===== Data supplied =====

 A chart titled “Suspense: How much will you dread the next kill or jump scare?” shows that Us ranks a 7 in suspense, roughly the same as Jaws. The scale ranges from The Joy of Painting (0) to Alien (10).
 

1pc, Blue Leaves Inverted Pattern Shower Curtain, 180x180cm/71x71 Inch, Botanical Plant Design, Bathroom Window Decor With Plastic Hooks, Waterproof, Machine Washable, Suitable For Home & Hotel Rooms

=====
===== Data supplied =====

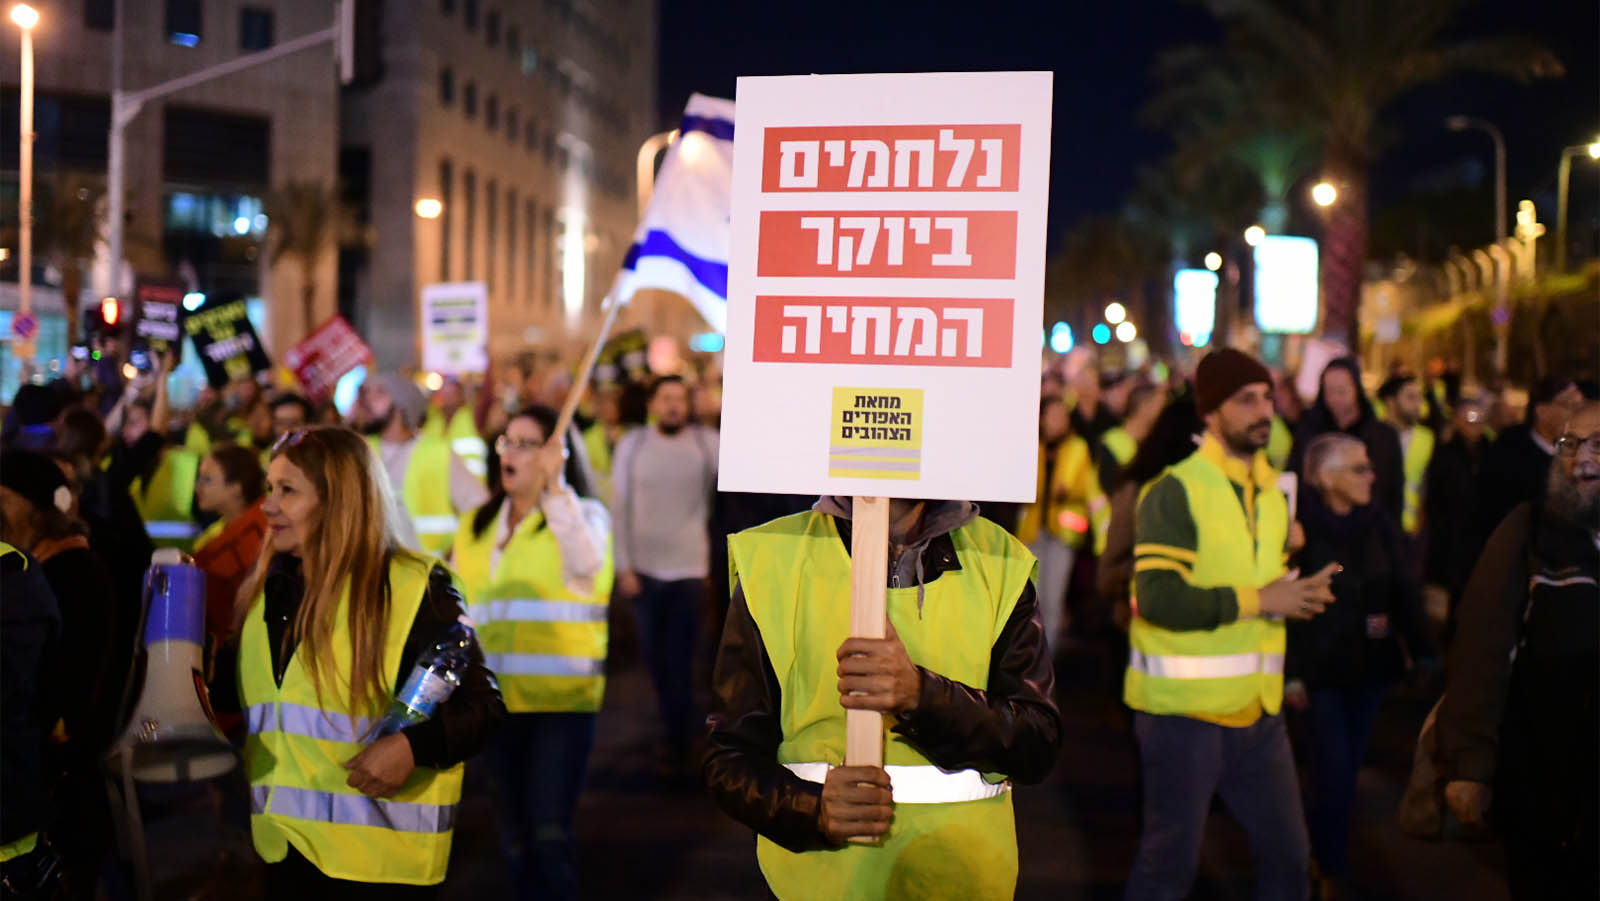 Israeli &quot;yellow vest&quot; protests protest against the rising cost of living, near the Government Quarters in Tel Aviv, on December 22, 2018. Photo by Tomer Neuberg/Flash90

=====
===== Data supplied =====

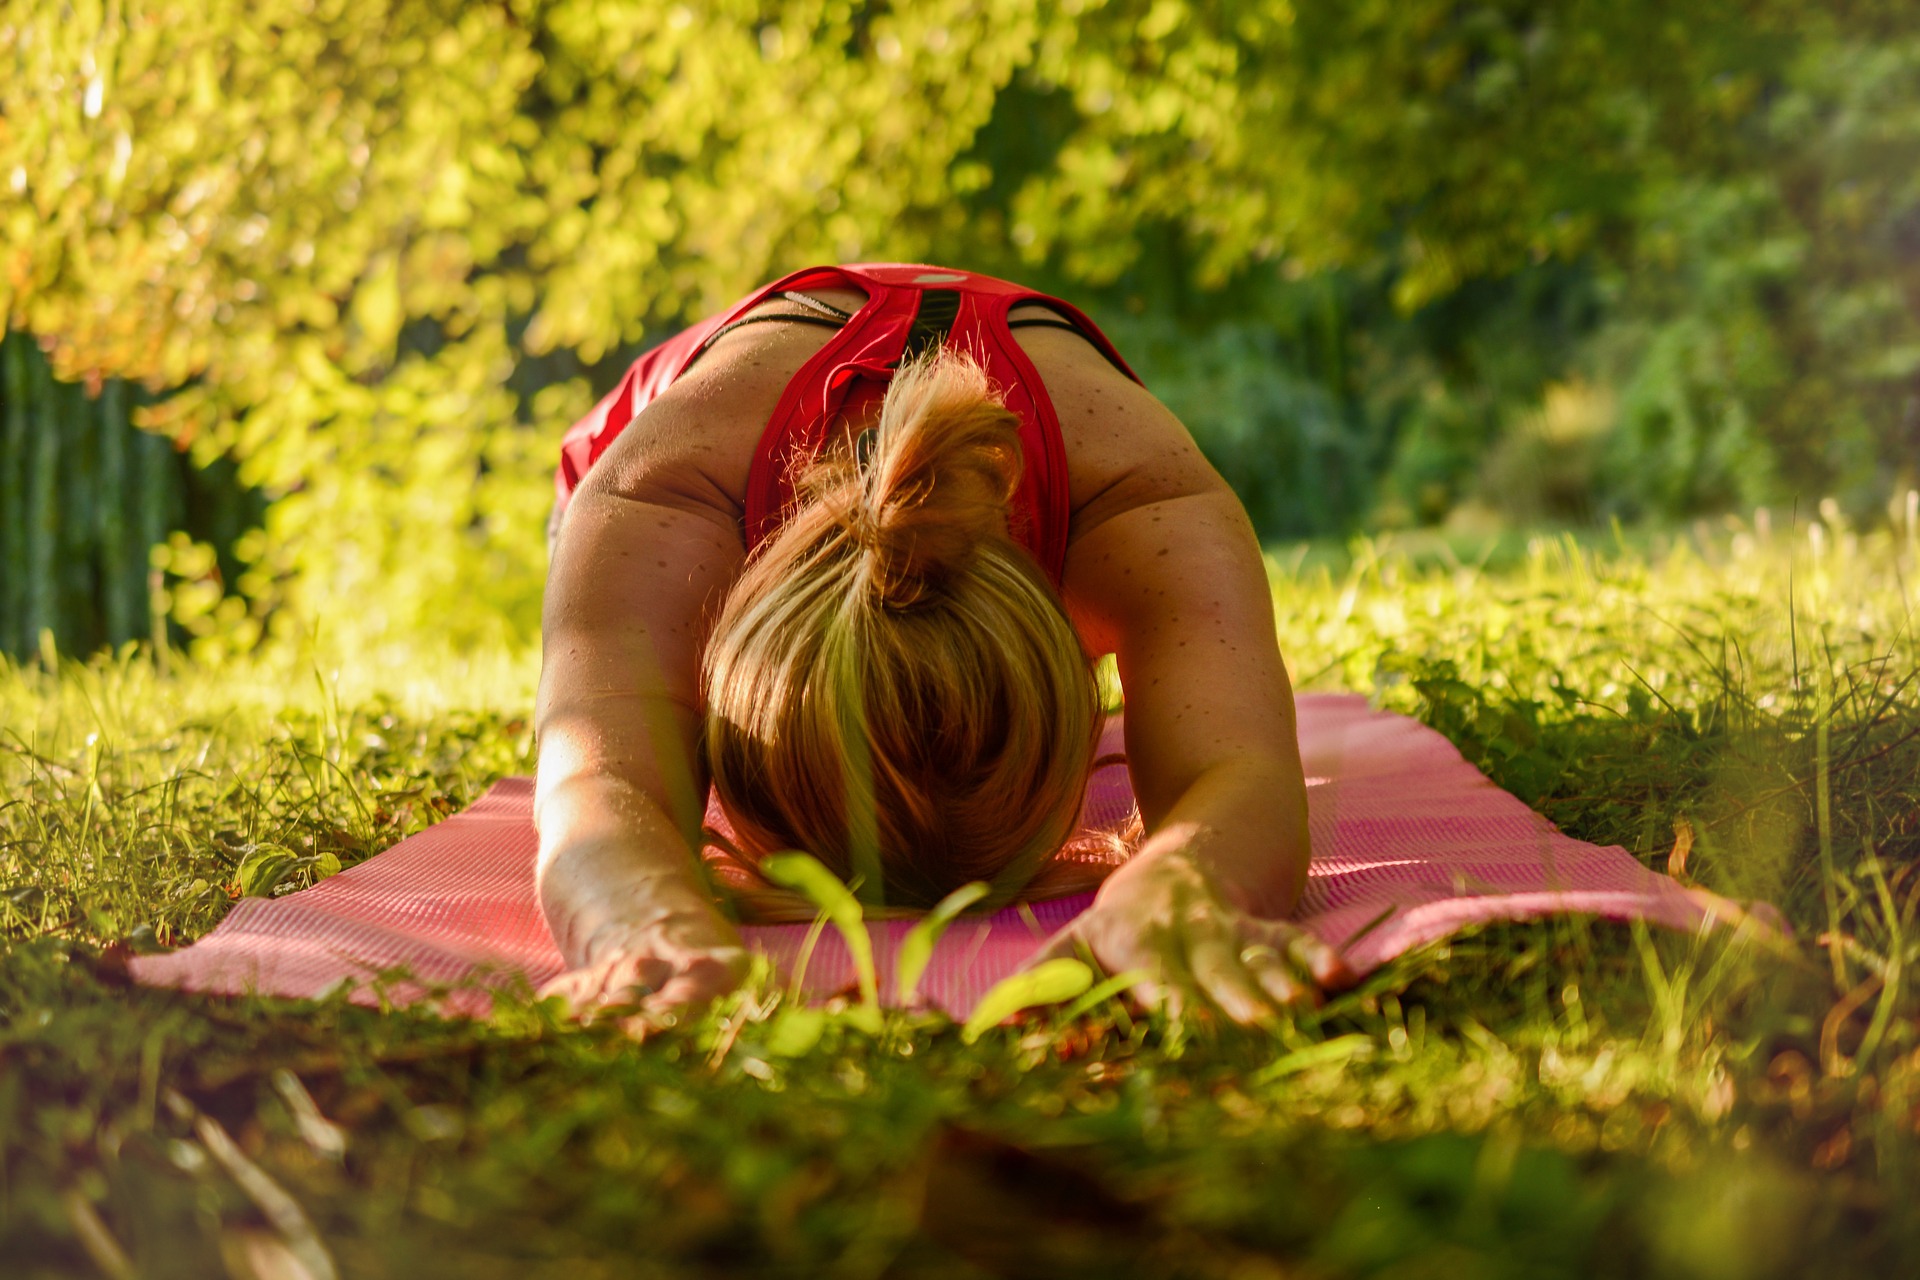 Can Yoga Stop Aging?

=====

Out of the data above, give again only the lines starting at the one holding "A chart titled" and ending at the one holding "1pc, Blue Leaves", unchanged.

 A chart titled “Suspense: How much will you dread the next kill or jump scare?” shows that Us ranks a 7 in suspense, roughly the same as Jaws. The scale ranges from The Joy of Painting (0) to Alien (10).
 

1pc, Blue Leaves Inverted Pattern Shower Curtain, 180x180cm/71x71 Inch, Botanical Plant Design, Bathroom Window Decor With Plastic Hooks, Waterproof, Machine Washable, Suitable For Home & Hotel Rooms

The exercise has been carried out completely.